No Warranty: Reputation ARM makes no representations or warranties regarding the outcome of its services in relation to the Client’s GBP. The Client acknowledges and agrees that Google LLC’s algorithms and policies are beyond the control of Reputation ARM, and that any edits, updates, or modifications made to the Client’s GBP are done at the Client’s own risk.
Notification: The Client agrees to promptly notify Reputation ARM of any suspension, penalization, or other action taken by Google LLC with respect to its GBP.
Entire Agreement: This Indemnification forms part of the Agreement between Reputation ARM and the Client and shall be binding upon the parties, their successors, and permitted assigns.

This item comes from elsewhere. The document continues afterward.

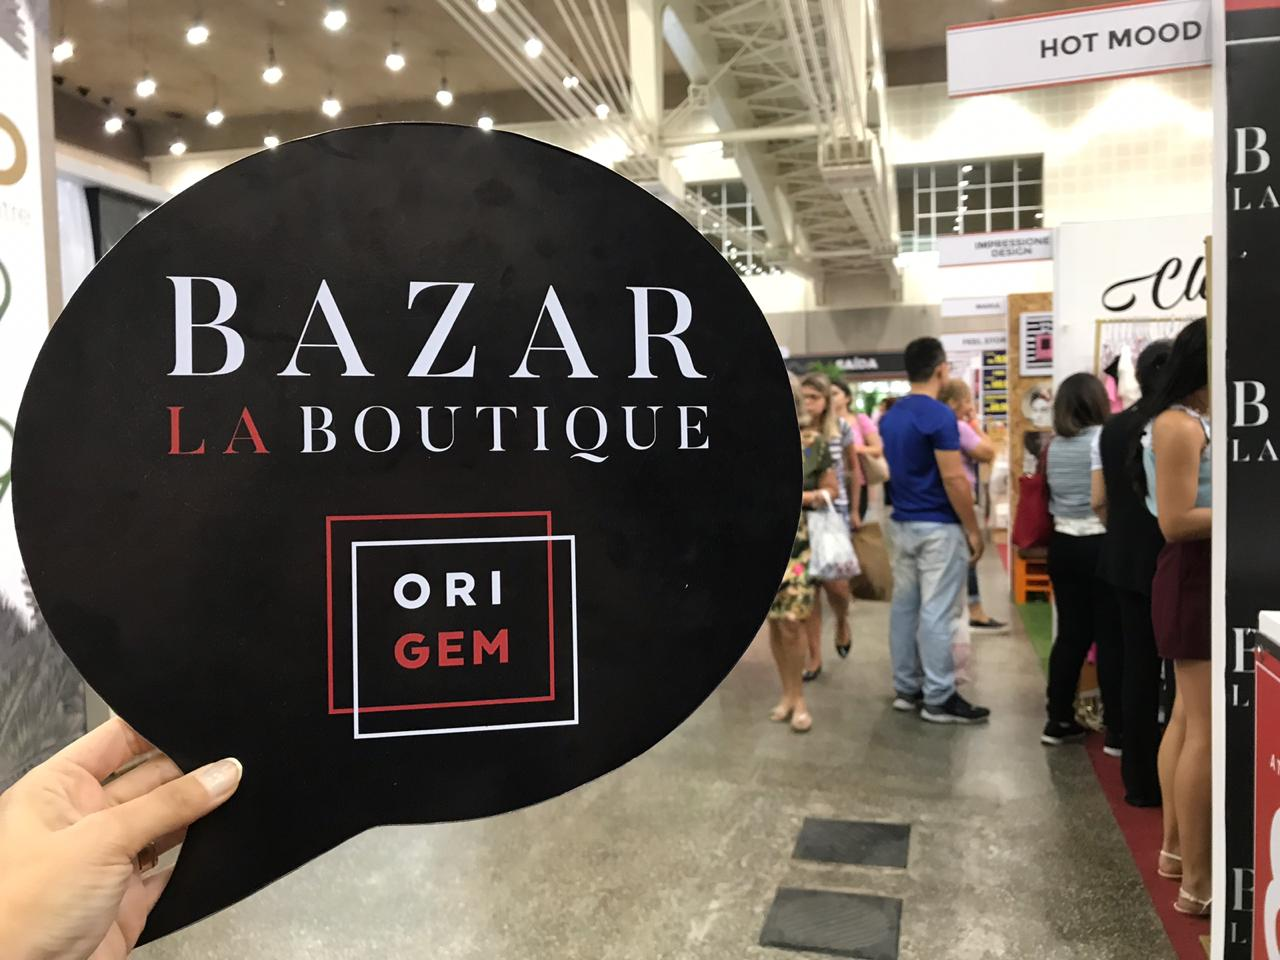 bazar la boutique origem 02

- Legal Clearances and Indemnifications
The Client is responsible for obtaining all necessary legal clearances required for the performance of services under this Agreement. The Client shall indemnify, defend (at its own cost and expense), and hold harmless Reputation ARM, its officers, employees, and agents from and against any and all claims, suits, demands, damages, losses, and expenses arising from any breach, misrepresentation, or other act or omission by the Client.
- Liability
Reputation ARM shall not be held responsible for delays or non-performance caused by activities or factors beyond its reasonable control. These include, but are not limited to, delays and non-performance caused by viruses, denial of service attacks, acts or omissions by third parties, Internet service providers, the Client or its contractors, strikes, lockouts, work slowdowns or stoppages, accidents, fires, acts of God, terrorism, failure by the Client to timely furnish information or approve or disapprove work, or faulty performance by the Client or others, including third-party contractors hired by Reputation ARM or by the Client.
Reputation ARM shall not be liable for any indirect, third-party, incidental, special, consequential, exemplary, or punitive damages arising out of this Agreement. Reputation ARM’s maximum liability under this Agreement shall not exceed the total fees received by it hereunder.
Confidential information is defined as information related to the Client’s or Reputation ARM’s research, development, trade secrets, or business affairs, and includes, in the case of Reputation ARM’s confidential information, concepts presented to, but not selected by, the Client. It does not include information that is generally known or easily ascertainable by third parties. Reputation ARM and the Client shall mutually respect and maintain each other’s confidential information and shall use it only to perform their respective obligations under this Agreement. For the avoidance of doubt, confidential information does not include information that is public knowledge, was in the recipient’s possession before receipt, or is independently developed by the recipient.
- Jurisdiction
This Agreement shall be interpreted and construed in accordance with the laws of the State of Michigan, without regard to any conflict of laws principles. Each party hereby irrevocably consents to the exclusive jurisdiction of the state and federal courts located in Oakland County, Michigan, for the purpose of hearing and deciding any and all disputes, claims, and controversies arising out of or relating to this Agreement. The prevailing party in any such action or proceeding shall be awarded all reasonable costs and fees incurred, including attorney’s fees.